Soy defensora de las humanidades, del conocimiento, de que la esencia mágica de un ser se descubre en su mente, en su inquietud por aprender, por que le enseñen y por sentir una extraña especie de voluptuosidad al conocerlo; pero como todo lo que se toma en exceso, acaba resultando perjudicial y hay veces en que quisiera ser la más necia, la más ciega , la más sorda y la mayor víctima del eterno letargo como consecuencia de lo prohibido. Quedarme estancada, porque ya me empapé lo suficiente.

Ahora no hablo del conocimiento intelectual, sino del conocimiento de la vida corriente, de andar por casa, no de las cuestiones generales, de los enigmas universales, sino de lo que gira alrededor de nosotros y de lo que hay más allá de los límites que sabes que no deberías cruzar.

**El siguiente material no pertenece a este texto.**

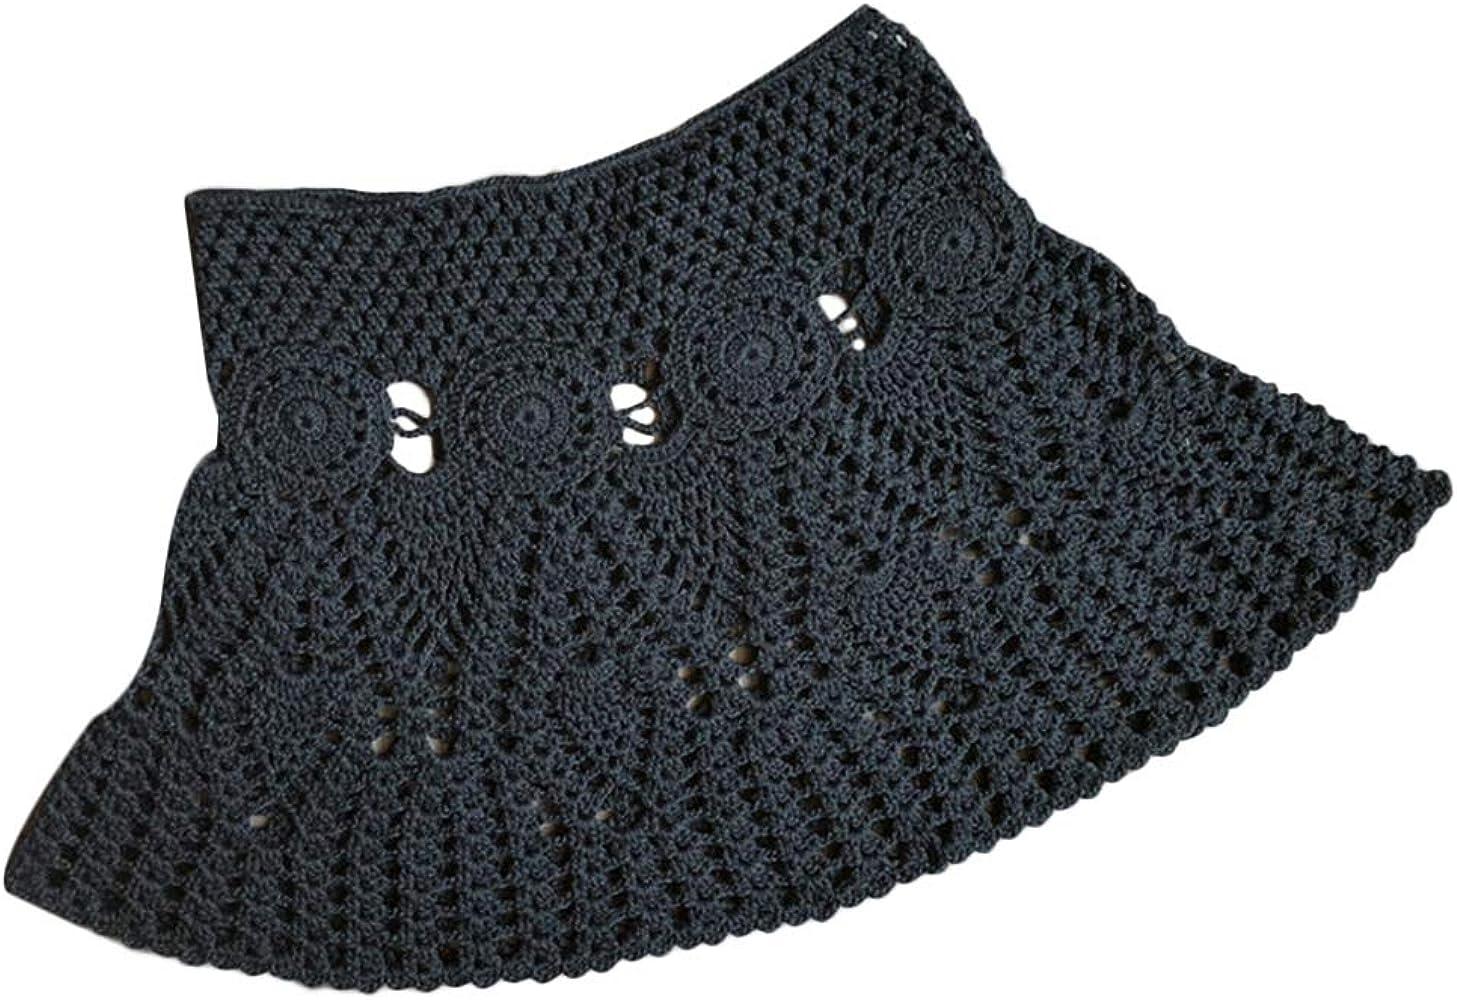 Black mini skirts size 28 Lovnely Women S Knitted Crochet Beach Mini Skirt Bikini Swimsuit Cover Ups Beachwear Skirts One Size Black At Amazon Women S Clothing Store

A ver, por qué cojones tengo que saber tanto de otras vidas que se deligaron de la mía, por qué tienen que llegar a mí datos que no pido, que después de saciar la curiosidad- porque sí, porque en el fondo soy terriblemente curiosa-, quedan en el cuerpo como una cicatriz que te abrasa por dentro cada vez que la miras. Yo no quiero saber nada de historias pasadas, yo no quiero saber que ella le prepara su postre favorito y ni qué comida les ha enviado su madre, yo no quiero saber que él le regala esto o le invita a lo otro, que la despide en la puerta a tal hora sabiendo que la verá luego, ni que no sé qué día parten de viaje a no sé qué maravilloso sitio y que anoche han sido felices y que hoy le ha brindado tal gesto que a ella le hace más y más dichosa. Y soy curiosa y a veces quisiera tener una mirilla en mi cuarto que comunicara con el suyo y quisiera que el azar nos chocara en una esquina de cualquier calle, pero no quiero saber lo que no merezco: saber que ella está siendo la que yo ya no soy, que se ganó merecidamente mi papel. Veneno, veneno, veneno...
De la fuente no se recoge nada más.